Last year, Dawkins said he considered a number of structural changes to make on-campus eateries more attractive to students, which made the financial impact of long-term policy decisions difficult to predict.

But with the change in leadership, plans proposed last year to evaluate and reform eateries were “thrown out,” Lefevre noted.

Moneta said this year’s increase cut the dining deficit approximately in half, adding that other measures, including eliminating faculty and staff discounts, will likely cover the rest of the deficit. Wulforst added that revenue has increased by 10 to 12 percent this year.

Just the beginning?

Ultimately, all campus leaders are working toward the same end—to improve the University dining experience, though their ideas to reach that goal may differ, Schork said.

“If you eliminate the fee, you eliminate resources that will ultimately be used to improve dining,” Schork said. “I’m not sure if I agree that students should be financing [the deficit], but if you look at things from a pure financial balance sheet perspective, I understand where [Student Affairs] is coming from.”

Student representatives from organizations like DSG will continue to meet monthly with administrators to create a strategic dining plan.

Although Moneta expressed his intention to continue the fee, the Board of Trustees has the final say in May 2011.

“I would like nothing more than to see that fee eliminated before I graduate, but... if that’s just not possible, I plan to create a comprehensive strategy on how to phase out that dining fee,” Lefevre said.

He added that he may have to work with the Board rather than Student Affairs.
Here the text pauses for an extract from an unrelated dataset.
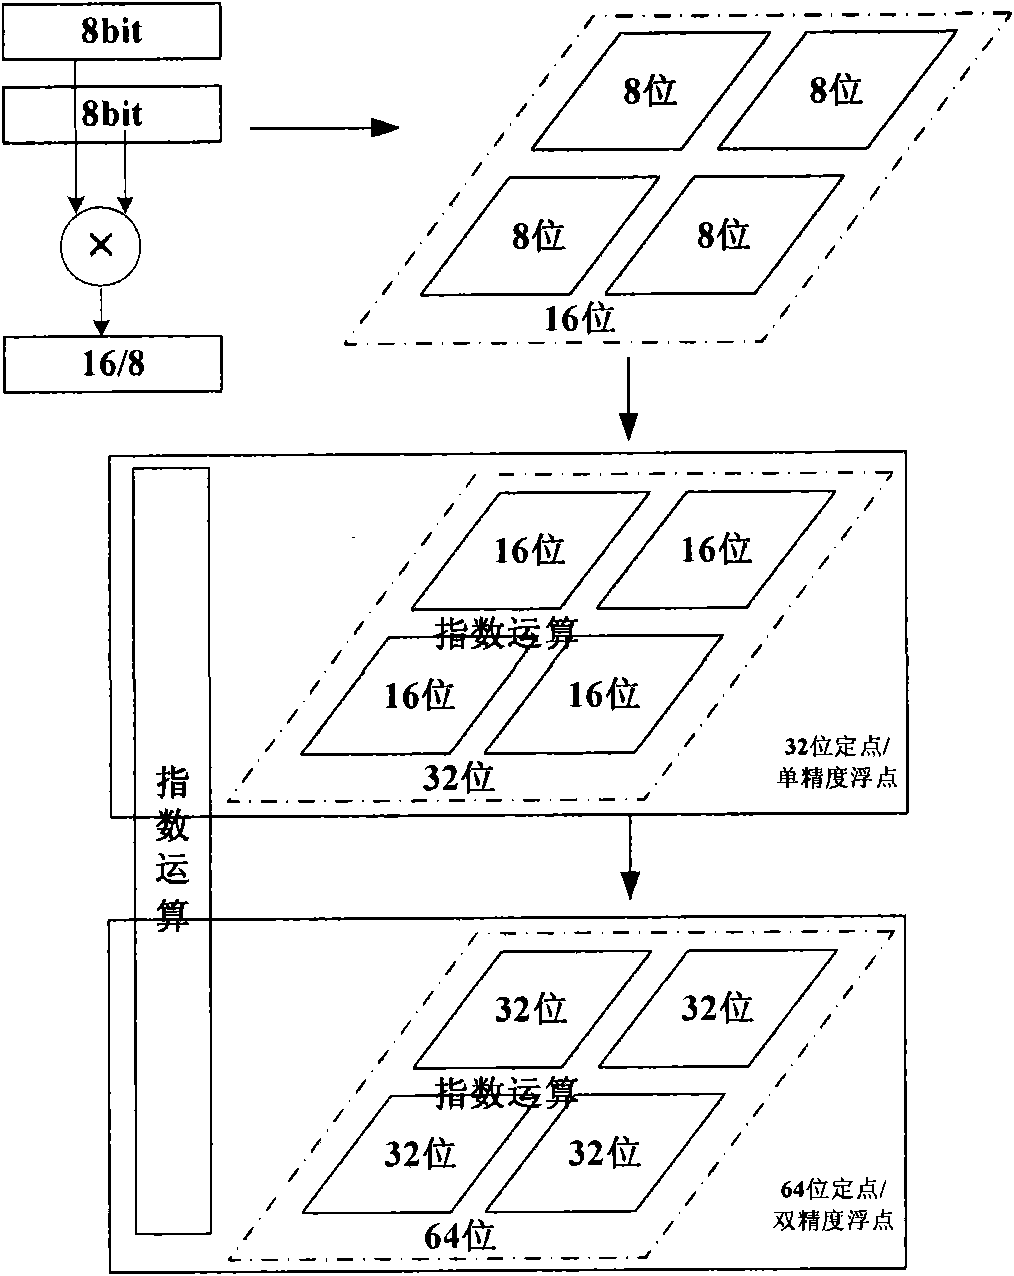 64-bit fixed and floating point multiplier unit supporting complex operation and subword parallelism

He said accepting the fee increase as definite is premature and nothing will be decided until next year.

“It seems that Dr. Moneta has been forthcoming about the dining budget and is generally open to some responsible changes for dining operation, but the proof is in the pudding,” Lefevre said. “We’ll see in May where we end up, and that will be the moment when we see whether this has been a real negotiation or whether it’s been a sham.”